Hacía mucho que no dedicaba nada a uno de los vicios que más alegrías me ha dado durante muchos años. El Ska. Antes de continuar en breve con el repaso a la historia de este género, os dejo aquí una rareza de la looser más carismática de los últimos tiempos, Amy Winehouse.
Lleva varios años retirada de la prensa y el acoso de los fans en la paradisiaca Jamaica. Allí se ha empapado de todo lo que supone la música autóctona de este país que no es el reggae, no. Es el Ska. El sonido de los Skatalites, Prince Buster, Desmond Dekker y Laurel Aitken. La música más vacilona y positiva que ha pasado por el sistema solar.

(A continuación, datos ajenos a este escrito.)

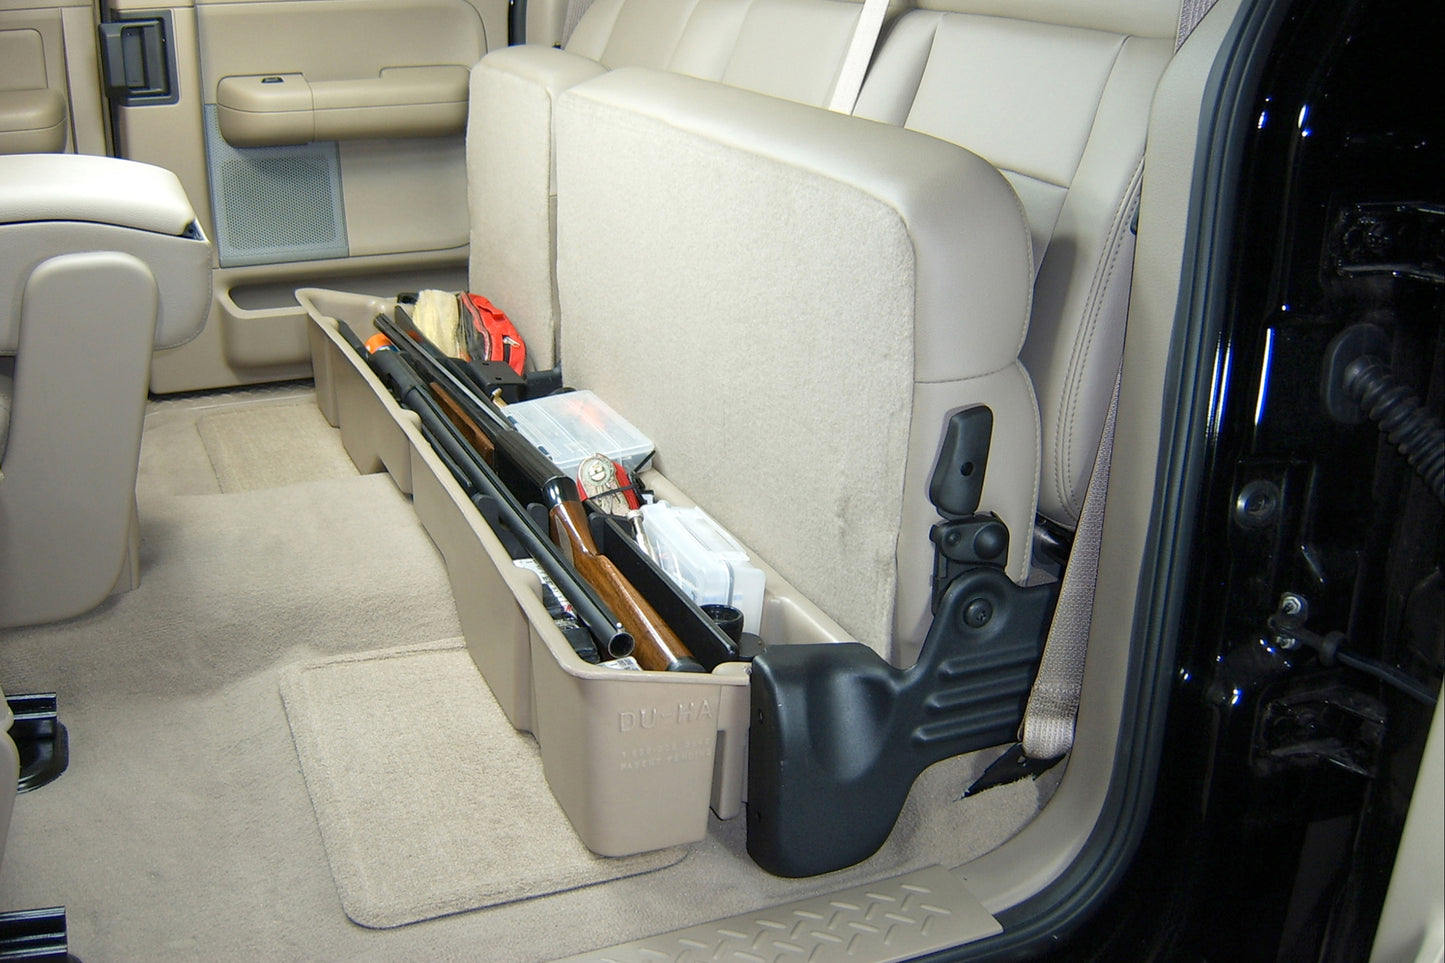 DU-HA 20004 Ford Underseat Storage Console Organizer And Gun Case - Black

Durante todo este tiempo de meditación y relax no solo tomado el sol y degustado todo los placeres que ofrece la tierra de la isla caribeña. También ha estado componiendo el que será su próximo e inminente disco y ha realizado estas versiones que no ha dudado en grabar. Para ello nos ha dejado The Ska Ep (click aquí). Cuatro canciones de la mejor tradición kingstoniana, con covers de Toot & The Maytals, The Special, unos tal Andy & Joe que desconozco e incluso el Cupid de Sam Cooke, que se adapta como un guante de látex a los ritmos sincopados de este estilo.
Su banda se desenvuelve extraordinariamente aquí, como si puedieran conseguir lo que les echen encima, y además con ese puntito de feeling que es lo más dificil. La Amy canta algo menos acertada que de costumbre, solo un escalón por debajo, como si en la primera toma ya hubiera quedado satisfecha. Menos da una piedra dicen por ahí.